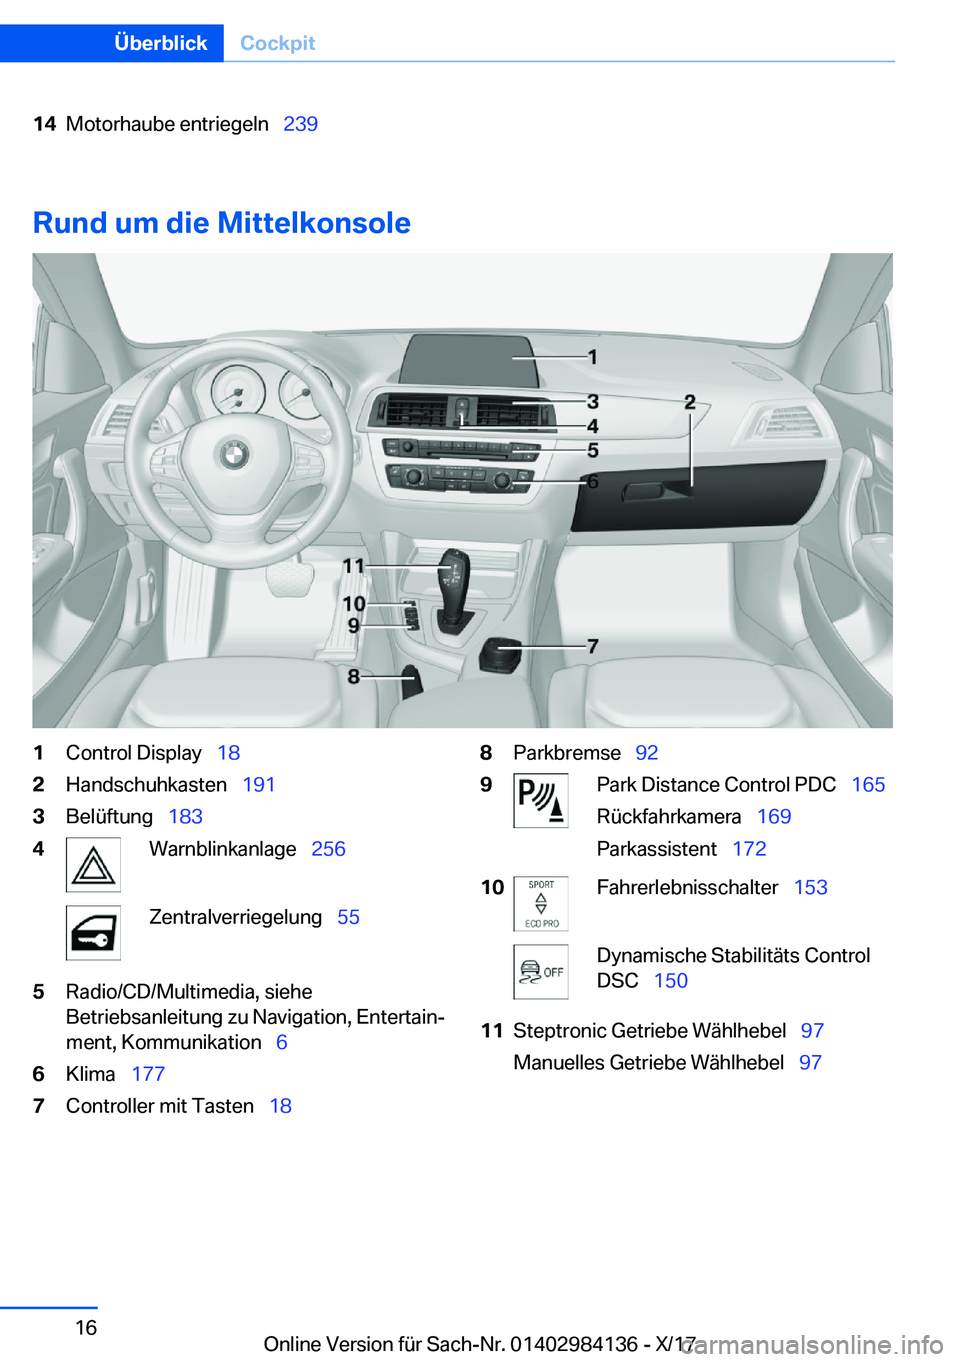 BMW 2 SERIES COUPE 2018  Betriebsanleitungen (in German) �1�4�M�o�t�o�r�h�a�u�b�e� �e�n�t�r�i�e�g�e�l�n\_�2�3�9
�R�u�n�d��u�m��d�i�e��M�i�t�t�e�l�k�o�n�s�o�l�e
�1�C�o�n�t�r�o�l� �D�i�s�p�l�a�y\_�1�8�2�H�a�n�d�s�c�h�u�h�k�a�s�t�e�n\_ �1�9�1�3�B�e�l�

● WHAT TO DO: Please transcribe the listing exactly as it stands, but omit its pictures.

● REPLY:
 BMW 2 SERIES COUPE 2018  Betriebsanleitungen (in German) �1�4�M�o�t�o�r�h�a�u�b�e� �e�n�t�r�i�e�g�e�l�n\_�2�3�9
�R�u�n�d��u�m��d�i�e��M�i�t�t�e�l�k�o�n�s�o�l�e
�1�C�o�n�t�r�o�l� �D�i�s�p�l�a�y\_�1�8�2�H�a�n�d�s�c�h�u�h�k�a�s�t�e�n\_ �1�9�1�3�B�e�l�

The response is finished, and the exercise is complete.